С Билли Корнелия была очень откровенна и очень добра.
— Билли, мне кажется, за год в Париже ты поиздержалась больше, чем рассчитывала.
— Боюсь, что так, тетя Корнелия. Я истратила…
— Пустяки. Девушка, которая выглядит так чудесно, как ты, заслуживает того, чтобы распорядиться своим пребыванием в Париже наилучшим образом. Я ни на йоту не виню тебя за то, что ты купила эти наряды. Ты носишь их прекрасно, и в конце концов, это твои собственные деньги. Мне следовало бы послать тебе чек на покупку нового гардероба, но, пока ты была такой пухленькой, мне казалось, что это ни к чему.
— Пухленькой… Как вы любезны, тетя Корнелия! Я была отвратительно жирной коровой. Согласитесь.

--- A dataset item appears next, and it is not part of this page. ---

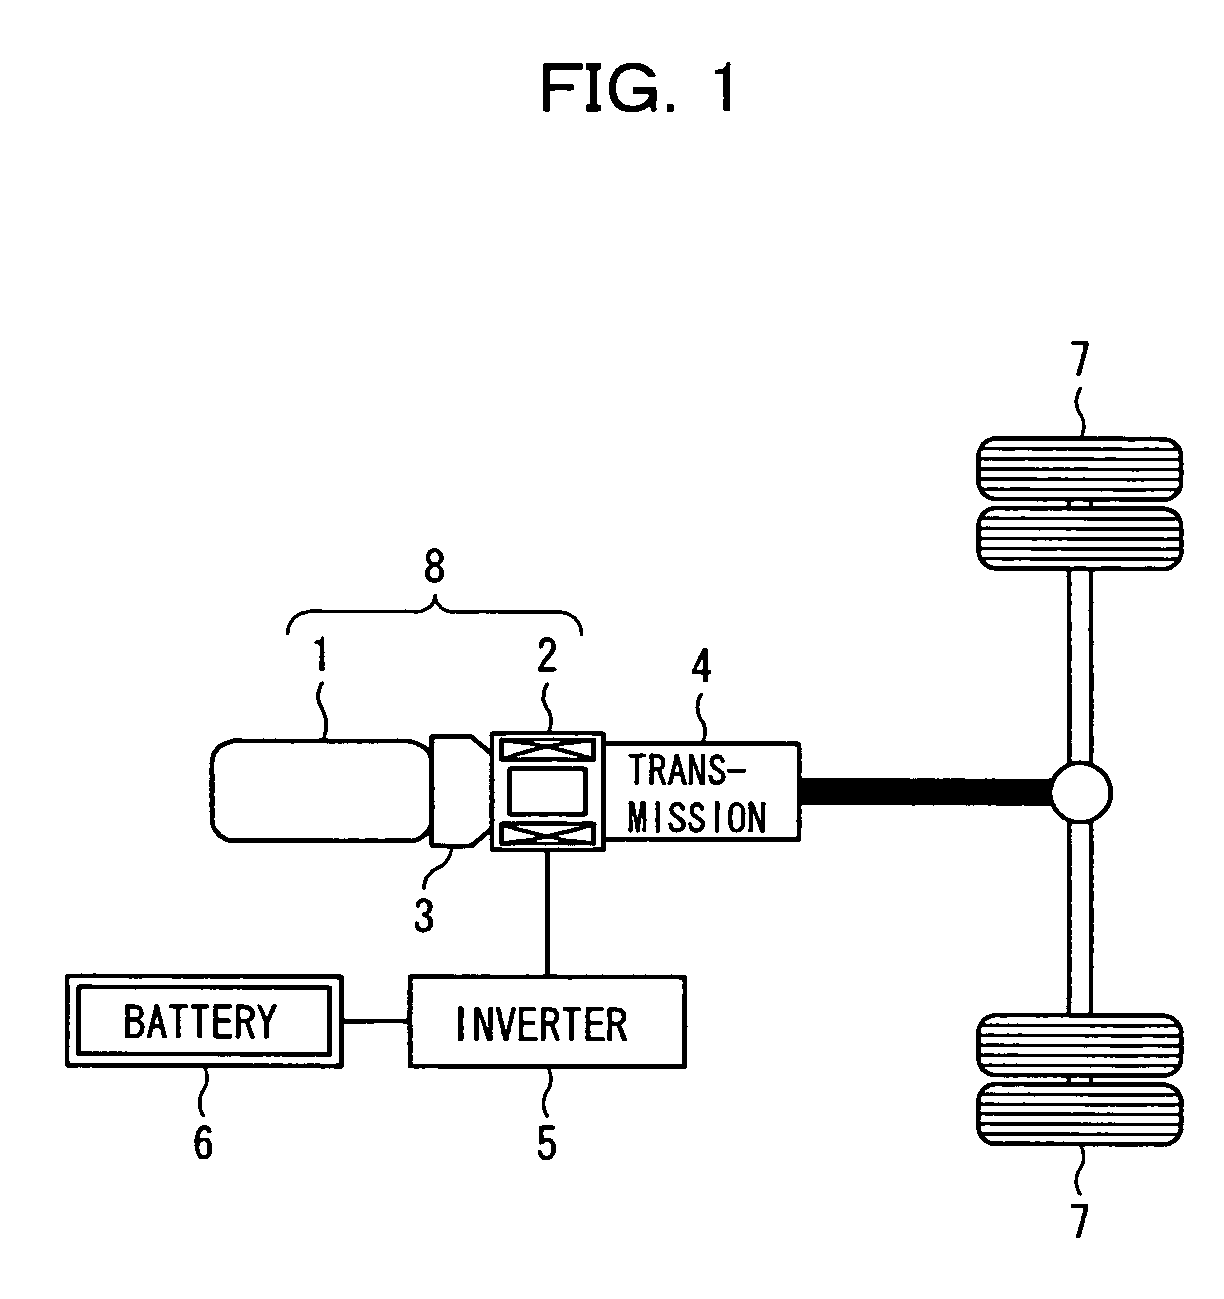 Motor control apparatus for a hybrid vehicle

— Ну, не будем придираться к словам. Как бы то ни было, ты была совсем другой девушкой. Однако бог с ним, дело не в этом. Надо подумать о будущем. А не хочешь ли ты все-таки остаться в Бостоне и пойти в «Уэллсли»? — с надеждой спросила Корнелия: эта новая Билли, по ее мнению, могла бы выйти замуж за любого, кто ей понравится, и ей вовсе не обязательно идти к Кэти Гиббс, чтобы затем стать отчаянно скучающей секретаршей.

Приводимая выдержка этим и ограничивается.